Exercise Idea: Kafka Printer

sshine commented 5 years ago

This exercise idea is based on a story from my current work place: My boss'es Ubuntu had a bug that made his printer, when asked to print N copies of something, instead print N² copies. So for our Thursday status meeting, he'd hope that the number of people who show up, for whom he would bring a copy of his status report, was targetable with as few print requests as possible.

For example, if 13 people would show up to the meeting, he would first ask the printer of 3 copies (yielding 9 copies), and then 2 copies (yielding 4 copies), with a final result of 3² + 2² = 13 copies. For some numbers of employees, this was simply not possible with two print jobs, and he'd need to consult the printer a third time.

The exercise is to write a function that computes the groan factor, being the minimal number of print jobs it takes to print N copies of a status report when the printer gives you back N² copies.

Examples:

It takes 1 print job to print 1 copy because 1² = 1.
It takes 2 print jobs to print 5 copies: 2² + 1² = 5.
It takes 3 print jobs to print 11 copies: 3² + 1² + 1² = 11.

The suggested exercise name underlines the kafkaesque hope that a specific number of employees N show up on Thursdays such that ∃ a, b ∈ ℕ₀: a² + b² = N for optimal working conditions.

sshine commented 5 years ago

The opposite problem of finding the first N for which at least P print jobs are necessary is also interesting.

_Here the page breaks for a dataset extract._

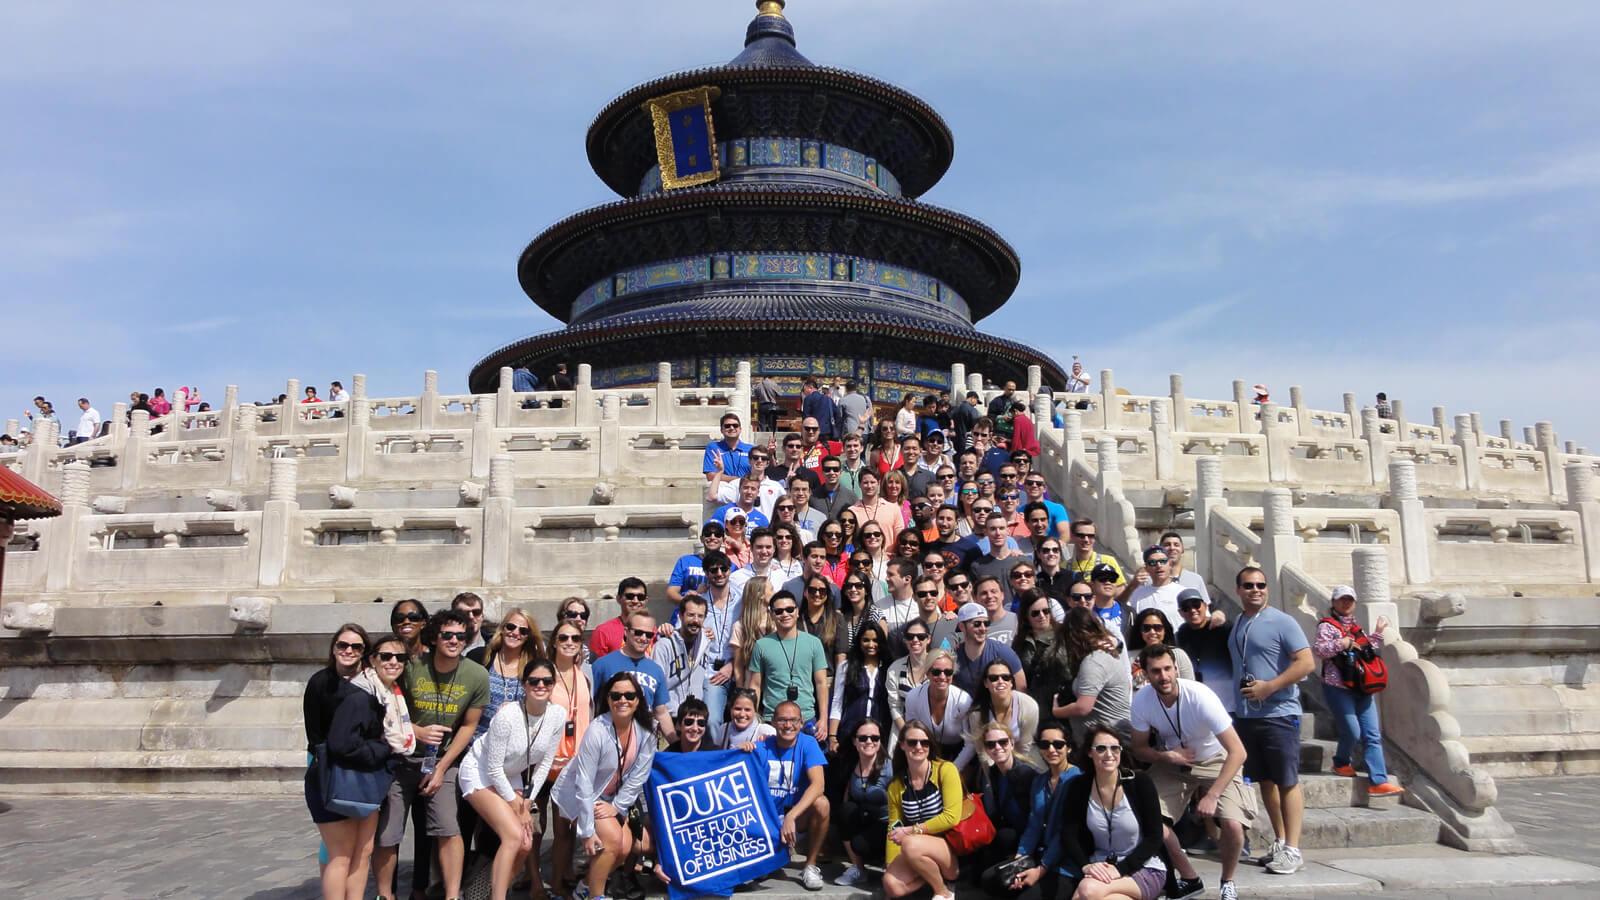 Duke Fuqua MBA students study in China

For example, in order to print 7 copies of a status report, you can't go with

P = 1, since 2² = 4 gives too few copies and 3² = 9 gives too many copies,
P = 2, since 2² + 1² = 5 gives too few copies and 2² + 2² = 8 gives too many copies,
P = 3, since 2² + 1² + 1² = 6 gives too few copies and 2² + 2² + 1² = 9 gives too many copies,

But you can go with P = 4 since 2² + 1² + 1² + 1² = 7.

But one problem at a time.

cmccandless commented 5 years ago

The exercise is to write a function that computes the groan factor, being the minimal number of print jobs it takes to print N copies of a status report when the printer gives you back N² copies.

Love the phrasing here.

kytrinyx commented 5 years ago

groan factor

Groan factor is amazing. Reminds me of the hipmunk travel site's "sort by agony" feature.

That said... we've put this repo in lock down. @sshine My recommendation is to implement this as a track-level exercise wherever you want it, and then once we've re-opened this repo we will have some more high-level thoughts about what would go in here.

ErikSchierboom commented 5 years ago

Love this idea, and the backstory is already done! As Katrina said, the repository is in lock-down, but I'd be happy to help you build this exercise as a track-specific exercise if you need any help.

petertseng commented 5 years ago

Jeez, I had my code go up to 100,000 looking for a number that would take >= 5 print jobs. Then I got suspicious, looked for an explanation, and found https://en.wikipedia.org/wiki/Lagrange%27s_four-square_theorem. Wasn't expecting that.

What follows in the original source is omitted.